The other group worked with a community healthcare centre
in Ballabhgarh outside Delhi to replicate the paperwork and
registers of local healthcare workers in a Qt/Embedded application
that ran on ipaqs (hand-held computers) with Familiar Linux
and a MySQL server.
Company
formed
Since leaving MIT, some of the members of the Ca:sh team have
founded a healthcare IT company called Dimagi (www.dimagi.com)
to develop similar projects along with other technologies
invented by the team. They have recently completed an exciting
project in South Africa, where a population health study centre
is now using (Palm-based) handhelds to securely store and
report HIV test results. Other countries such as China and
Brazil have expressed interest in implementing similar solutions.
The company intends to develop mobile medical registers and
point-of-care systems across the world.
Even
the US homecare and visiting nurses could benefit greatly
from these kinds of systems. But currently rural healthcare
workers in Ballabhgarh have a more advanced system than any
US-based nurse, argues Mikkelsen.
Users, meaning healthcare workers, appreciate the system because
it puts useful information about the patients theyre
visiting at their fingertips, and it saves them from retyping
a whole lot of notes back into a computer system after work.

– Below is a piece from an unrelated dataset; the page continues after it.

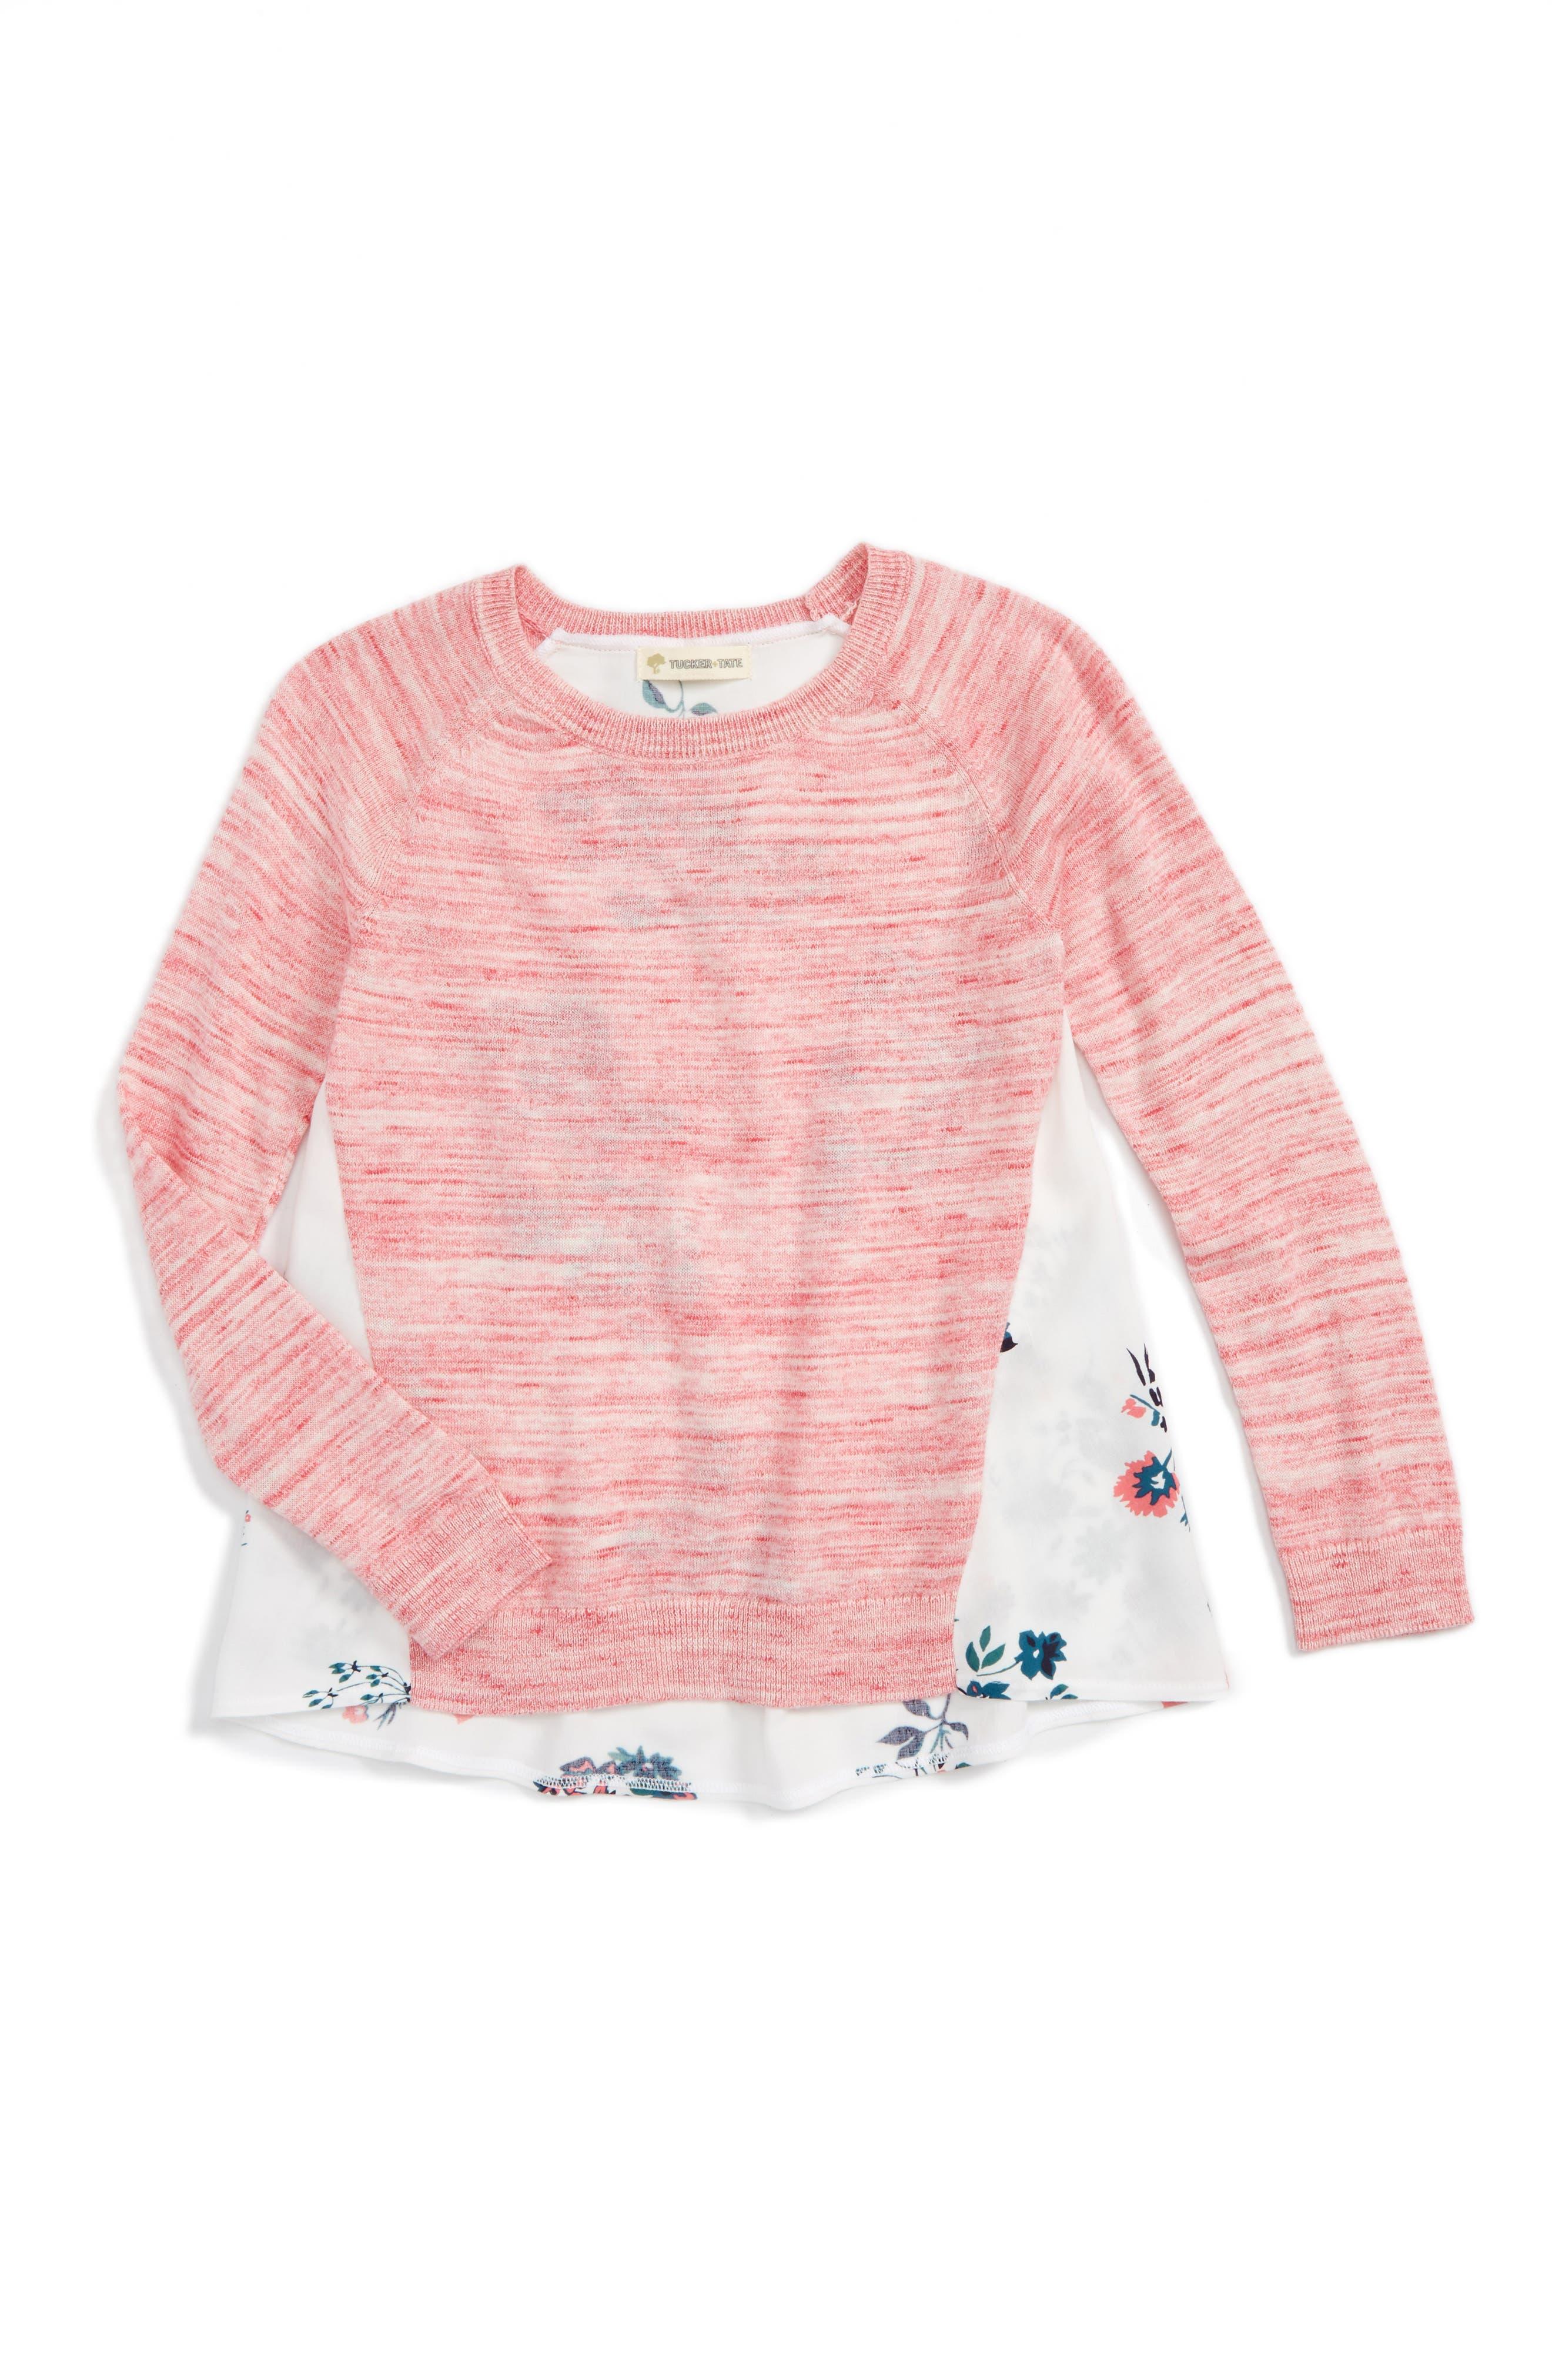 Tucker + Tate Mixed Media Sweater (Toddler Girls, Little Girls & Big Girls)

Before this project, the nurses would spend a whole day each
month re-entering data into central computers.
In addition, policy makers find the tool intriguing because
it ensures higher quality in the information collected and
the possibility for near real-time monitoring of population
health (potentially useful for disease surveillance and outbreak
prediction), according to Mikkelsen.
It
works great on many levels, he adds.